Privacy and compliance issues: Countries and companies are gradually realizing the importance of high-quality datasets and are imposing restrictions on data scraping.
High costs of data processing: Large data volume and complex processing. Public information shows that AI companies spend over 30% of their R&D costs on basic data collection and processing.
Currently, web3 solutions are reflected in the following four aspects:
The vision of Web3 is to allow users who truly contribute to also participate in the value creation brought by data, and to obtain more private and valuable data from users in a low-cost manner through distributed networks and incentive mechanisms.
Grass is a decentralized data layer and network that allows users to run Grass nodes to contribute idle bandwidth and relay traffic in order to capture real-time data from across the internet and earn token rewards.
Vana introduces a unique Data Liquidity Pool (DLP) concept, allowing users to upload private data (such as shopping records, browsing habits, social media activities, etc.) to a specific DLP and flexibly choose whether to authorize specific third parties to use it.
In PublicAI, users can use #AI或#Web3 as a classification tag on X and @PublicAI to achieve data collection.
Grass and OpenLayer are both considering incorporating data annotation as a key component.
Synesis proposed the "Train2earn" concept, emphasizing data quality, where users can earn rewards by providing annotated data, comments, or other forms of input.
The data labeling project Sapien gamifies the labeling tasks and allows users to stake points to earn more points.
The current common privacy technologies in Web3 include:
Trusted Execution Environment ( TEE ), such as Super Protocol.
Fully Homomorphic Encryption (FHE), such as BasedAI, Fhenix.io, or Inco Network.
Zero-knowledge technology (zk), such as the Reclaim Protocol that uses zkTLS technology, generates zero-knowledge proofs for HTTPS traffic, allowing users to securely import activity, reputation, and identity data from external websites without exposing sensitive information.
However, the field is still in its early stages, and most projects are still in exploration.
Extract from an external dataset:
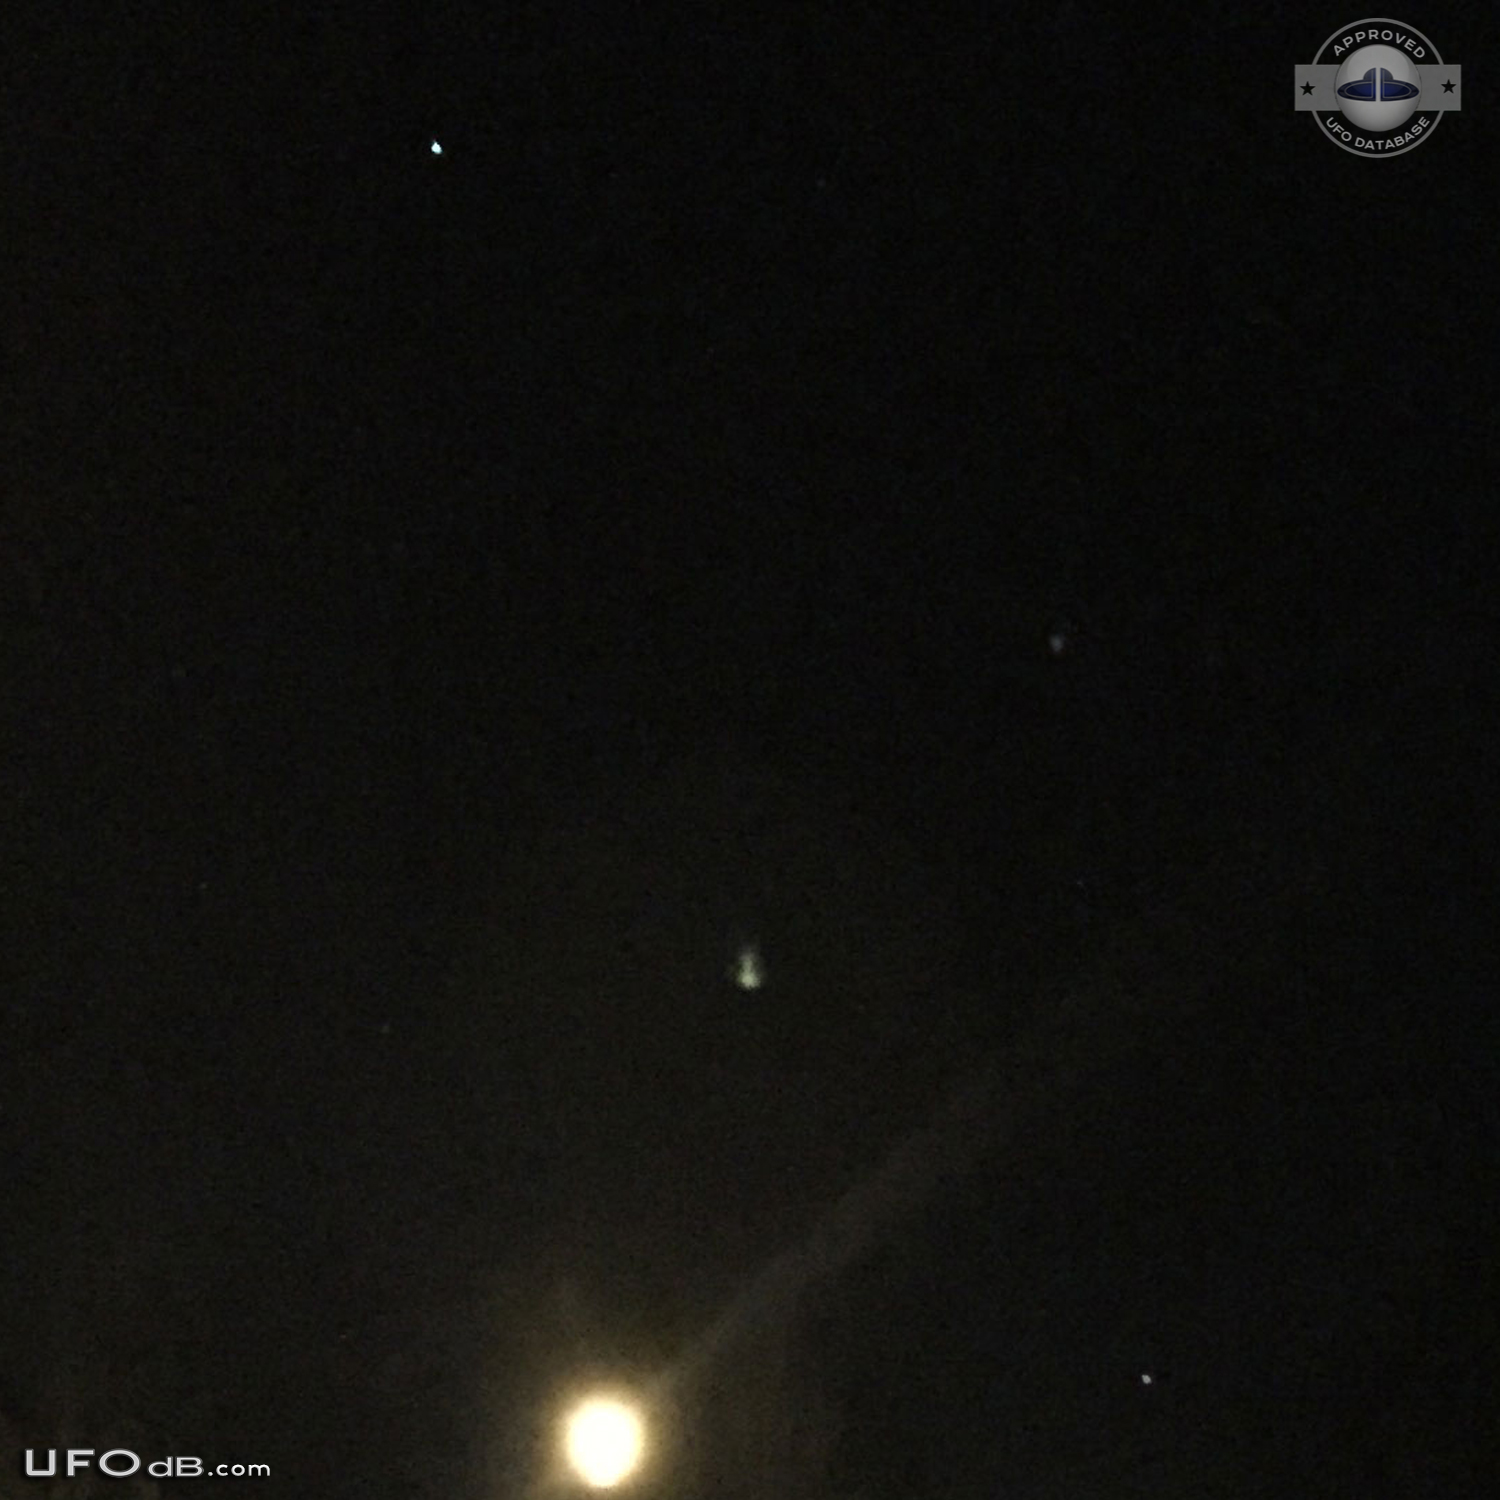 Two very very bright lights UFOs in the sky of Lacey, Washington 2015 UFO Picture #628-2

The current dilemma is that the computing costs are too high, for example:
The zkML framework EZKL takes about 80 minutes to generate a proof for the 1M-nanoGPT model.
According to Modulus Labs data, the overhead of zkML is more than 1000 times higher than pure computation.
Middleware: Model Training and Inference
Open Source Model Decentralized Market
The debate over whether AI models should be closed source or open source has never disappeared. The collective innovation brought about by open source is an unmatched advantage that closed source models cannot compete with. However, without a profit model, how can open source models enhance developers' motivation? This is a direction worth considering. Baidu founder Robin Li asserted in April of this year that "open source models will increasingly fall behind."
In response, Web3 proposes the possibility of a decentralized open-source model market, which involves tokenizing the model itself, reserving a certain proportion of tokens for the team, and directing a portion of the model's future income flow to token holders.